From The Editor’s Desk

In the aftermath of Barack Obama's victory, the Sikh community finds
itself once again grappling with the issues of Change and Hope. The
United States is an evolved democracy, not its Indian banana
version. So it becomes easier to not only Hope but to also question
whether we do have hope.
WASHINGTON/AMRITSAR:
Sometimes, datelines in newspapers can give a clue to the route the
thought travels. If our thoughts travelled from
Washington to
Amritsar, obviously you know what these might be about.
Who did not in
this wide world spare some time after Barack Obama's victory to
think how it will affect his life? Naturally, each community, Sikhs
being no exception, did ask themselves as to what lessons they need
to learn from an epoch-changing epic victory that has moved every
heart and left few eyes that did not moisten.
We all knew the
world just cannot go on like this, and we needed change. Change and
Hope are tricky words. We all know the world would be no different
after
January 20, 2009.
But we know the
world will not be the same either.
It is not a mean
achievement. Rising from a community that was completely
marginalised just a few decades ago, Barack Obama has given hopes to
all those in
India who have
been marginalised, stereotyped, dis-empowered, cheated by the
entrenched brahmanical forces that wield the levers of power. The
Sikhs as a community are one people in India who have earned and
experienced sovereignty, have remained married to the concept of
universal brotherhood, utter the slogan of Sarbat Dal Bhala
everytime they are in communion with their God, have the most
egalitarian perception of the world, and have proven themselves to
be a hard-working, entrepreneur community.
Outside
India, wherever
the Sikhs have migrated to, they have carved their niche, earned
their place and have underlined the spirit of compassion and hope
and change and egalitarianism.
In
India, things
have been somewhat different.
At a time when
the Sikh community was joining in the celebrations of Barack Obama's
victory, it was also marking the anniversary of the November
massacre of the Sikhs on the roads of
Delhi in 1984.
Just a quarter century before Obama talked of Hope, Sikhs had lost
the final vestiges of hope in India when thousands of them were made
to run on the roads of
Delhi,
chased by blood-thirsty mobs who finally caught up, and burnt the
men to death, raped women and enjoyed killing children.
India's Prime
Minister went on national TV to justify it all by saying that when a
big tree falls, the earth was bound to shake. Sikhs' belief shook.

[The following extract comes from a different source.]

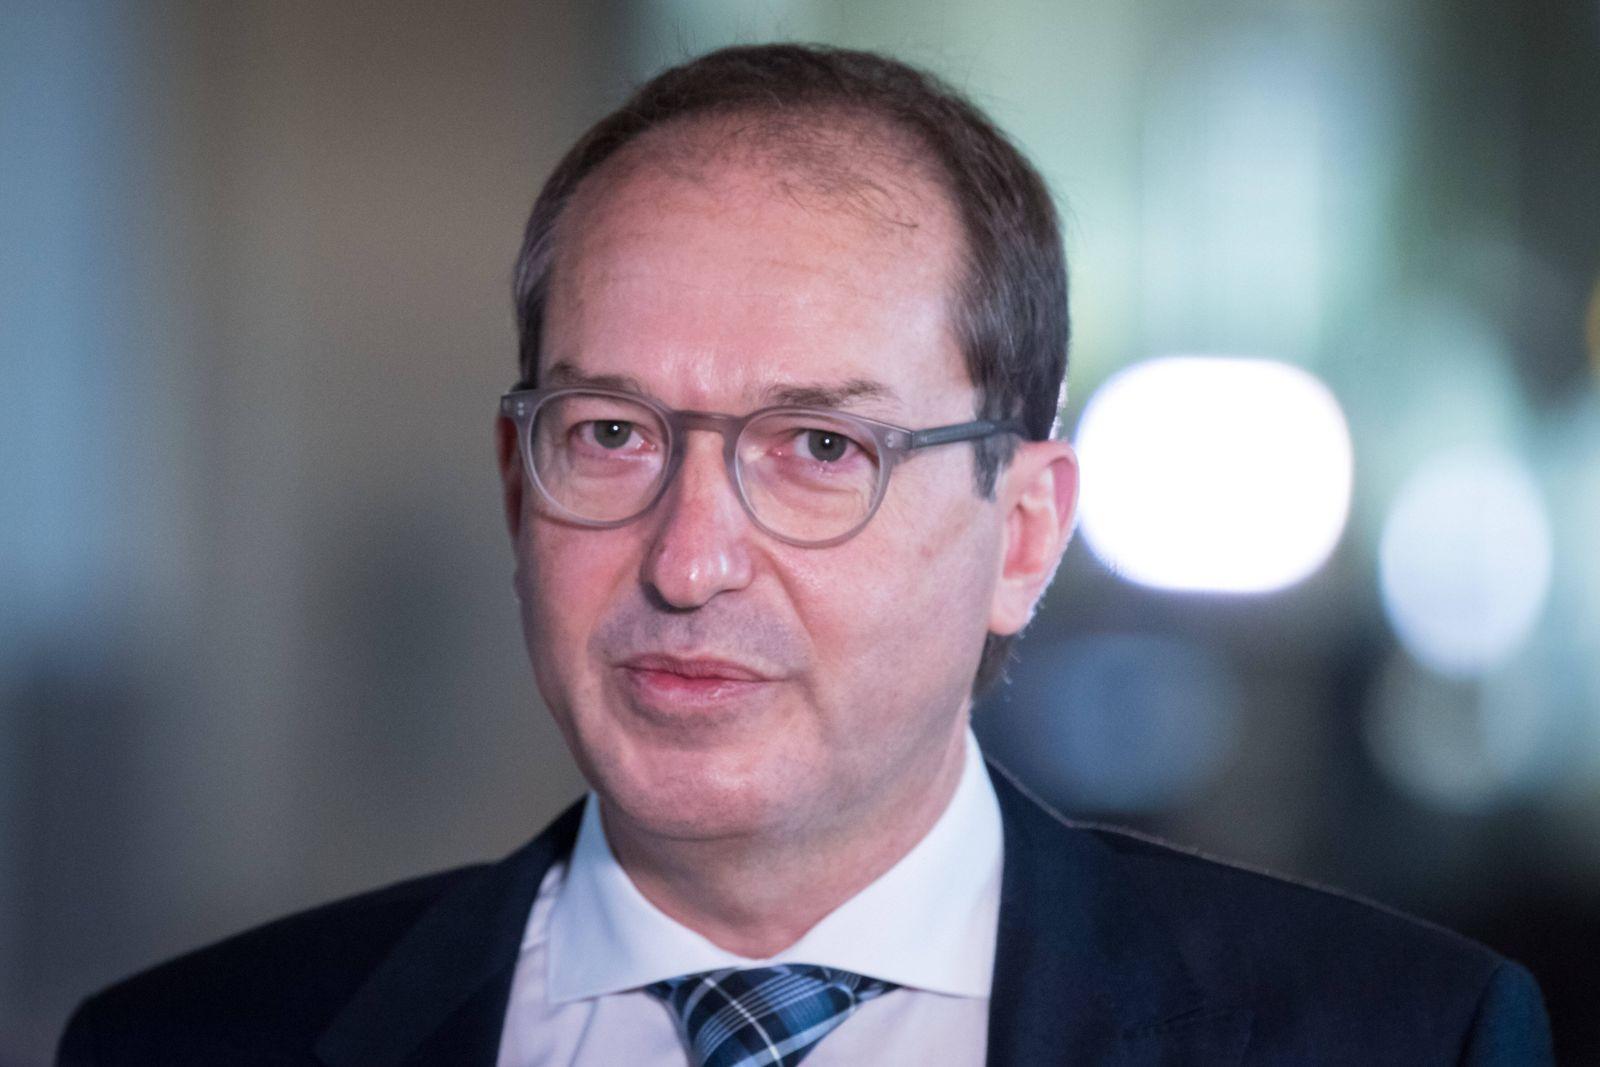 Berlin, Alexander Dobrindt im Interview im Bundestag Deutschland, Berlin - 05.11.2020: Im Bild ist Alexander Dobrindt (

And little was done to restore it. A quarter century later, justice
eludes Sikhs even though official Indian establishment and top
courts now agree that hundreds were burnt alive in Delhi and
elsewhere.
Of the guilty,
the top politicians were accomodated, one even becoming a minister
in the union cabinet of PM Manmohan Singh. He had to quit only after
his role was exposed beyond all doubt by a panel set up by the
central government. Other killers still roam free on the roads of
Delhi and
top sleuthing agency of India, the CBI, still looks out for ways to
give clean chits to senior politicians allegedly involved.
It is at a such
a time that the Sikh community finds itself once again grappling
with the issues of Change and Hope. The
United States is
an evolved democracy, not its Indian banana version. So it becomes
easier to not only Hope but to also question whether we do have
hope.
Hope was the
only possession of the skinny lad with dark skin whom we saw being
ushered into the White House last week by President Bush. Soon, hope
will reside in that House and in our homes also.
Barack Obama had
hoped not only for the men and women of African-American descent.
His way of nurturing and keeping the hope was more broadminded. He
nurtured a hope for
America, a hope
for the world, a hope for mankind.
He too must have
pored over history text books. He too would have been sad and angry.
Just as Sikhs do.
The one thing
that the Sikhs must learn from Barack Obama is that any hopes and
aspirations they must nurture have to include all the people who
have been wronged, who have been marginalised, who have been forced
to live in degraded ways, stripped of their humanity by the
powerful, the elite and the shameless. Sikhs are for not only
themselves, they are for the world, of the world.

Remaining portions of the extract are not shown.